The passion for reading that Jean shared with her parents prepared her for a life-time of supporting Malcolm while he wrote books of his own. Jean would field the phone calls and the children while Malcolm prepared his lessons, researched and wrote his histories of Sheffield schools. Like her mother, Jean took delight in the margins, always finding time to explore new novels and read to her own children.

Jean never bought the novels she read because Park Library was so handy.

And if there wasn’t a book if you wanted one, they soon found it for you. Well they are now, aren’t they?

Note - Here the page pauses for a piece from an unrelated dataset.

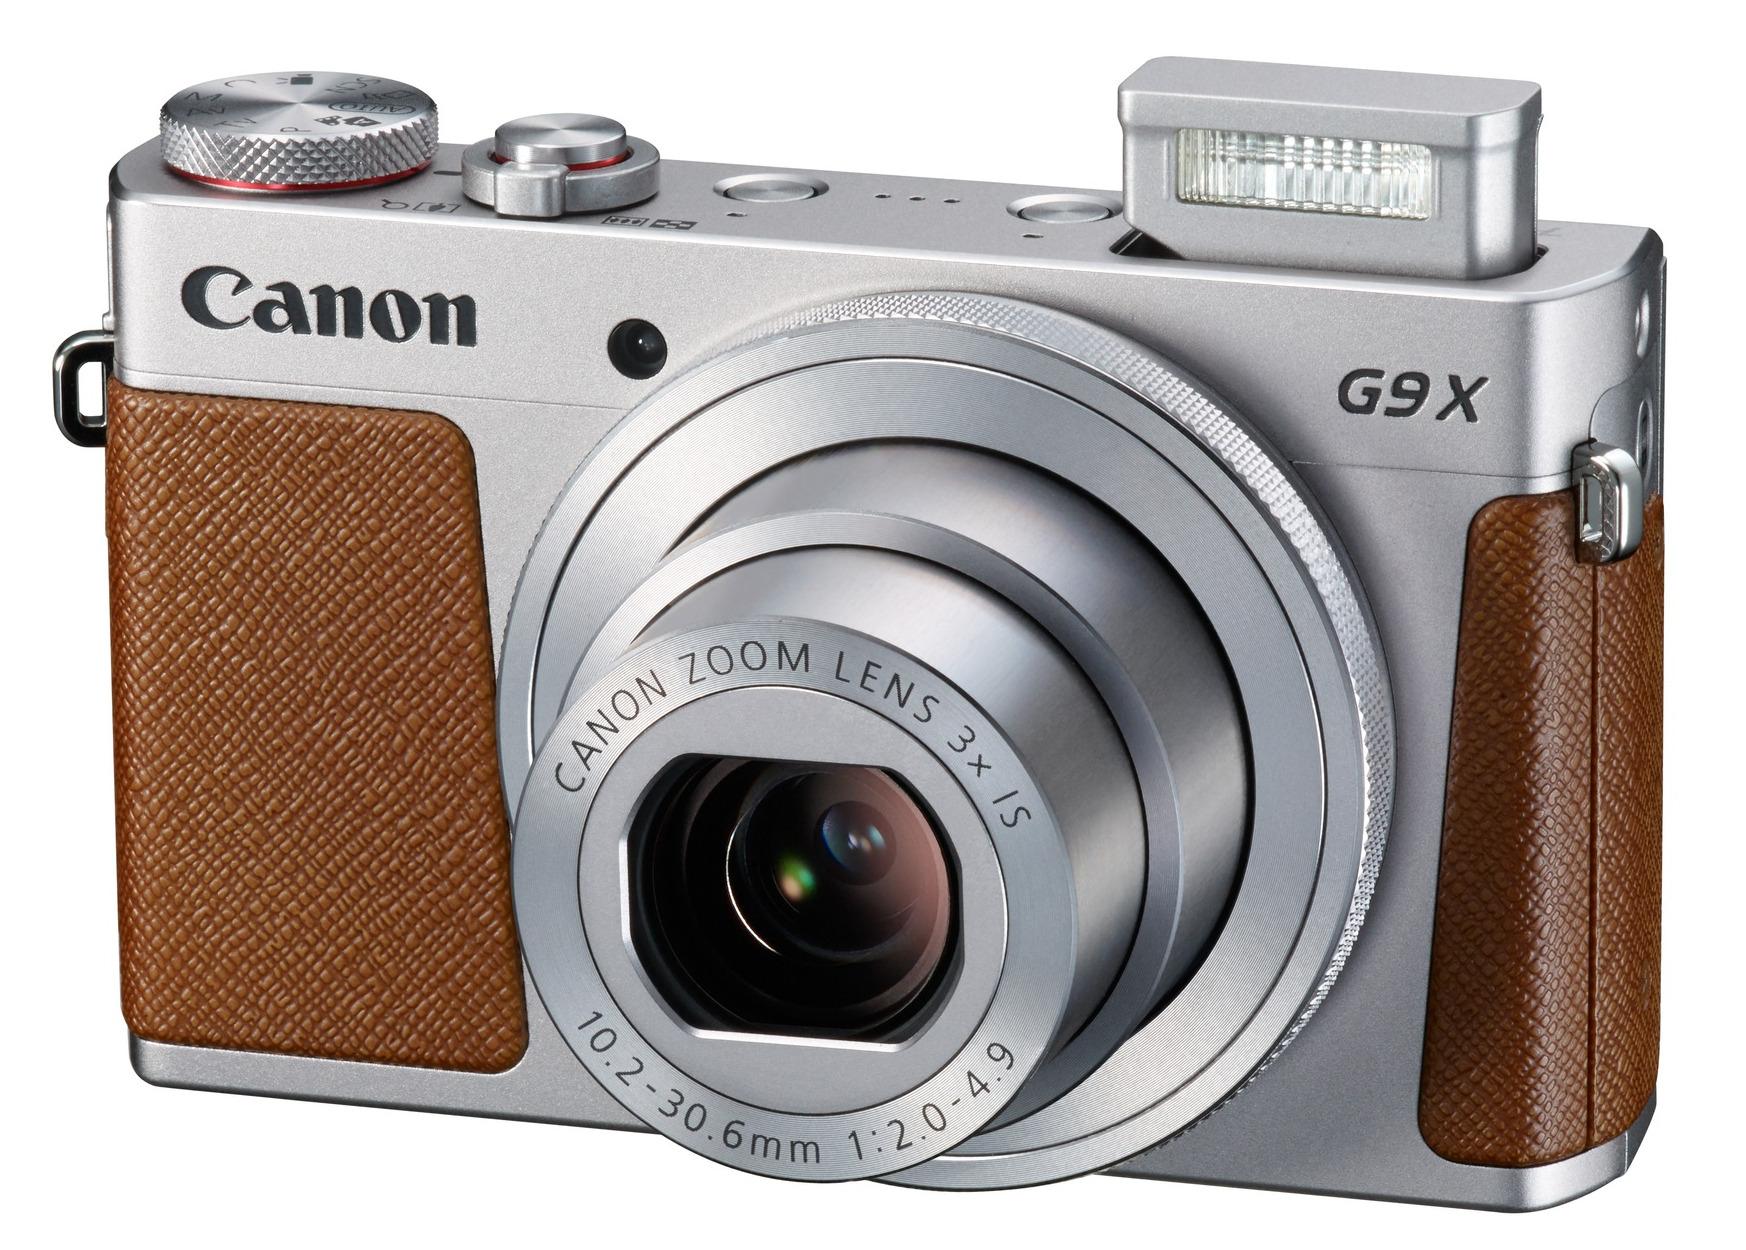 20.1MP Compact Camera in Black or Silver

If you ask they’re still very helpful.

 

‘Thmile, thmile, thmile!’ Sheffield’s Gloops Club

By Sue Roe

The GLOOPS CLUB was mentioned by several of our interviewees – Florence Cowood, Mary S and Doreen Gill – and they had fond memories of it.

Gloops was a cartoon character created by an employee of the Sheffield Star in 1928. The Gloops Club was launched in 1929, when the Sheffield Star started a children’s section to the Saturday supplement and continued until war broke out in 1939. The Club was run by children’s columnist ‘Aunty Edith’, and allowed members aged up to 14. Lists of members with their names and addresses were published regularly in the newspaper with an update on numbers.

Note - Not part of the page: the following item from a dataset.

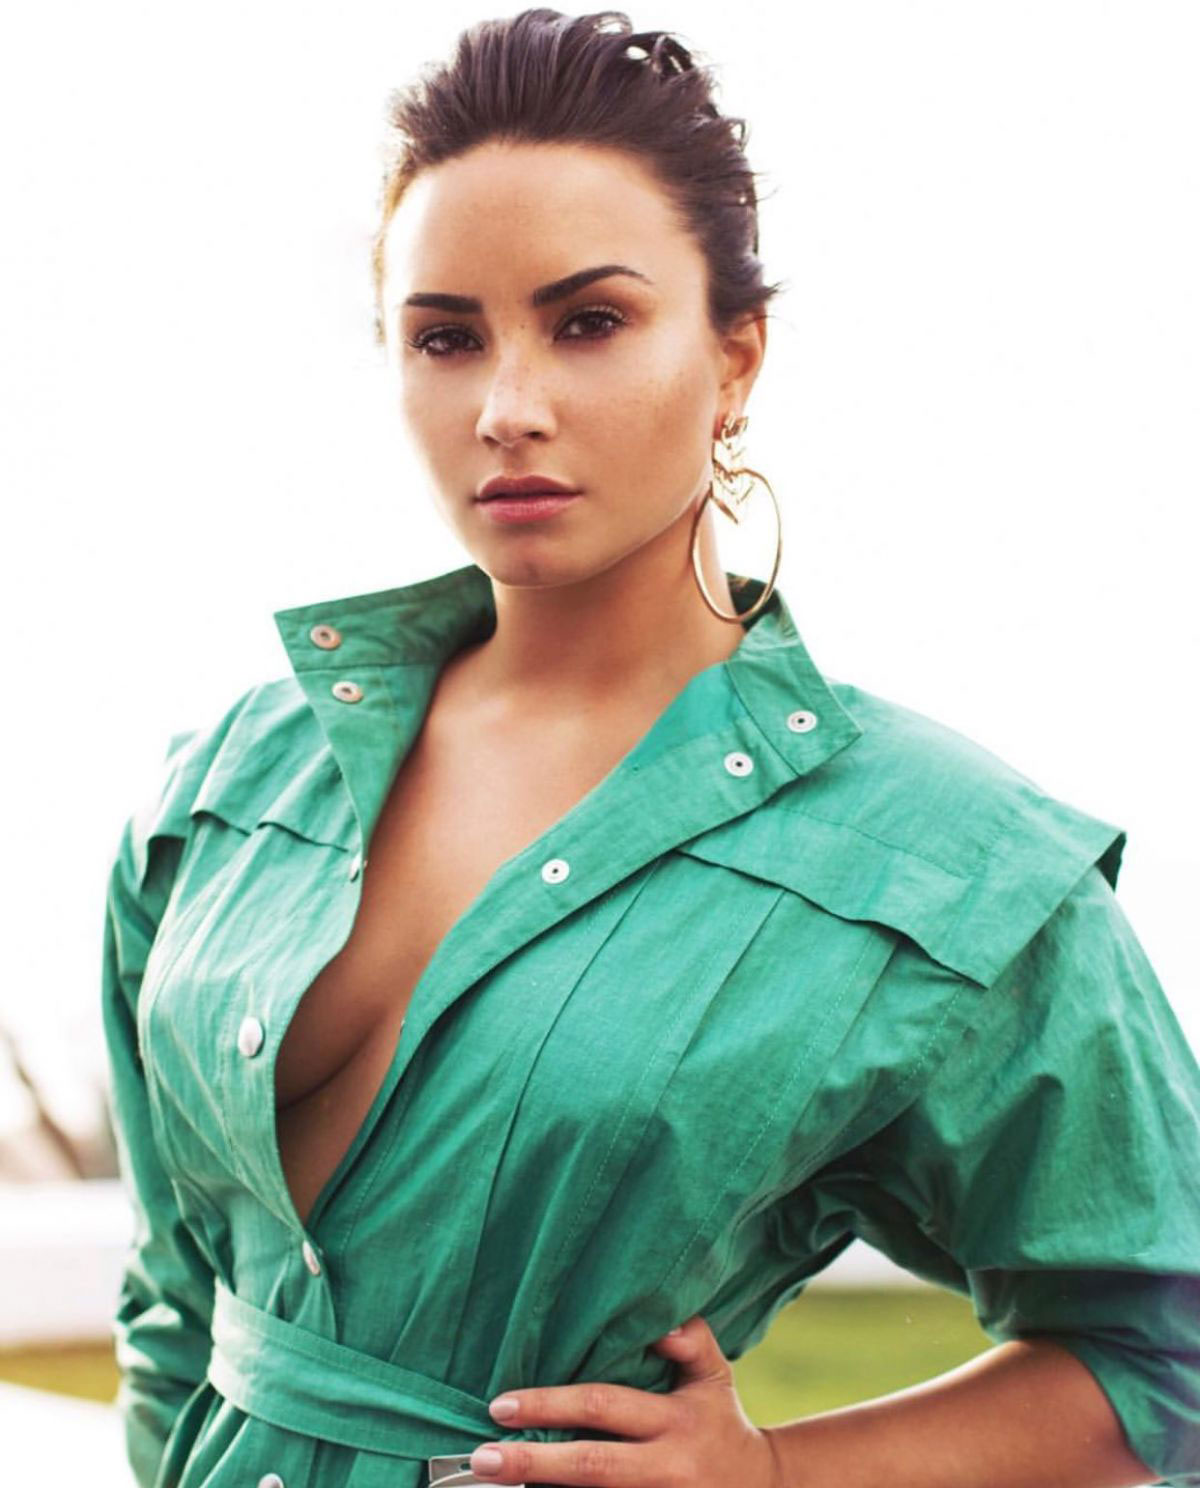 Celebrity Photoshoot - Demi Lovato by Angelo Kritikos ...

There was also a membership card outlining the rules of the Gloops Club. Every junior Glooper was given a number and a badge (see above. Doreen Gill remembered ‘a little teddy, fat teddy’, while Mary S thought of a ‘cartoon cat’). In return they had to perform at least one act of kindness every day. We can see from the rules the values the club was promoting: friendship, equality, compassion. Members also had to donate money from their savings or pocket money to help children less fortunate than themselves. Gloops members could earn medals for: heroism, scholastic and athletic success, school records, acts of kindness and self-sacrifice. For example a Silver Disc was awarded to children who attended school or Sunday School for three years with no absence, and a Silver Star for life-saving acts or acts of bravery

The Gloops Club was hugely successful. By 1939, it had 365,000* children as members and by 1957 it had raised more than £25,000 for charity. In 1928, a Gloops Holiday Home was opened in Skegness, which could accommodate 60 sick children each week, and there is evidence of another home opening in 1931 in Mablethorpe. In addition, the Club funded 12 hospital beds in the Sheffield area. Members sent chocolates, toys and comics to children in hospital.

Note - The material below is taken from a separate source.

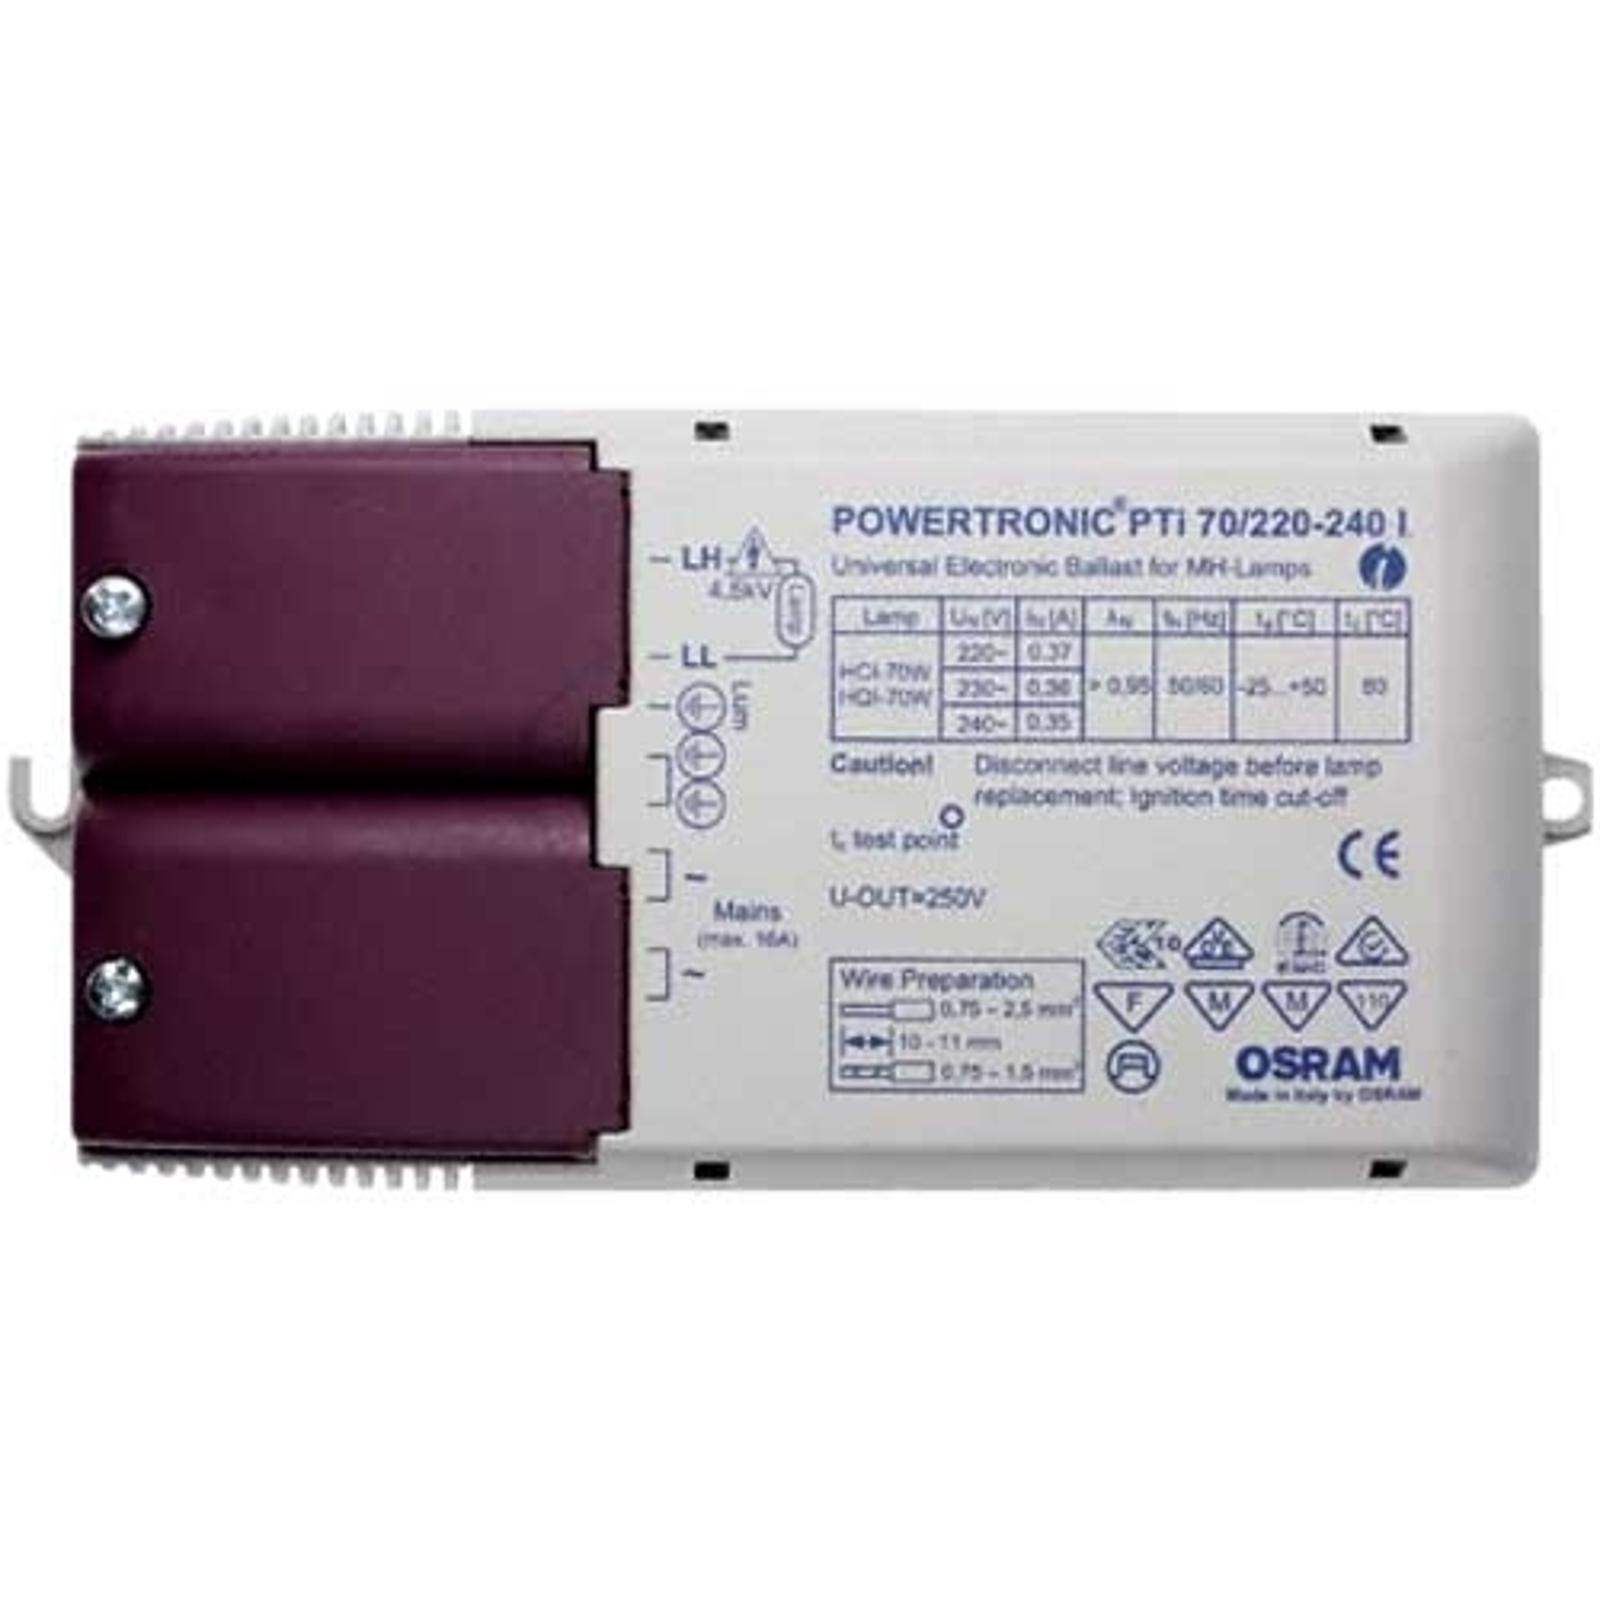 Elektronisches Vorschaltgerät PTi 70/220-240 I

There were other Gloops clubs in other newspapers, including the Evening Chronicle on Tyneside (the mother of website editor Val Hewson was a member in 1930s Newcastle). The Gloops character was revived after the Second World War and continued into the 1950s and possibly even the 1960s. In 1972, in another revival, and in a new costume created by the Crucible Theatre, Gloops switched on the Sheffield’s Christmas lights. In 1984, Gloops Superstar did everything from skydiving to escaping from a mock fire. Gloops then toured Sheffield in a vintage Star van to entertain children at summer parties and fetes.

In the 1980s, The Star asked readers to share their memories. Patricia Ellis said:

Gloops has very special memories for me. As a little girl I spent many happy hours touring round with the Gloops concert party. The climax of the concerts was the Gloopers’ Motto, which I still sing today if I’m feeling downhearted:

Smile, Smile, that’s the Gloopers’ motto

Always happy, always gay

Always smiling all the day

Never be downhearted

It isn’t worth your while

So be like Gloops and smile, smile, smile.

The Star reported that ‘smile’ was pronounced ‘thmile’, until Sheffield Council suggested changing it because children were copying the incorrect pronunciation.

 

* This figure must be a national one. The total population of Sheffield at this time was between 560,000 and 570,000. At any rate, 365,000 children is an enormous number.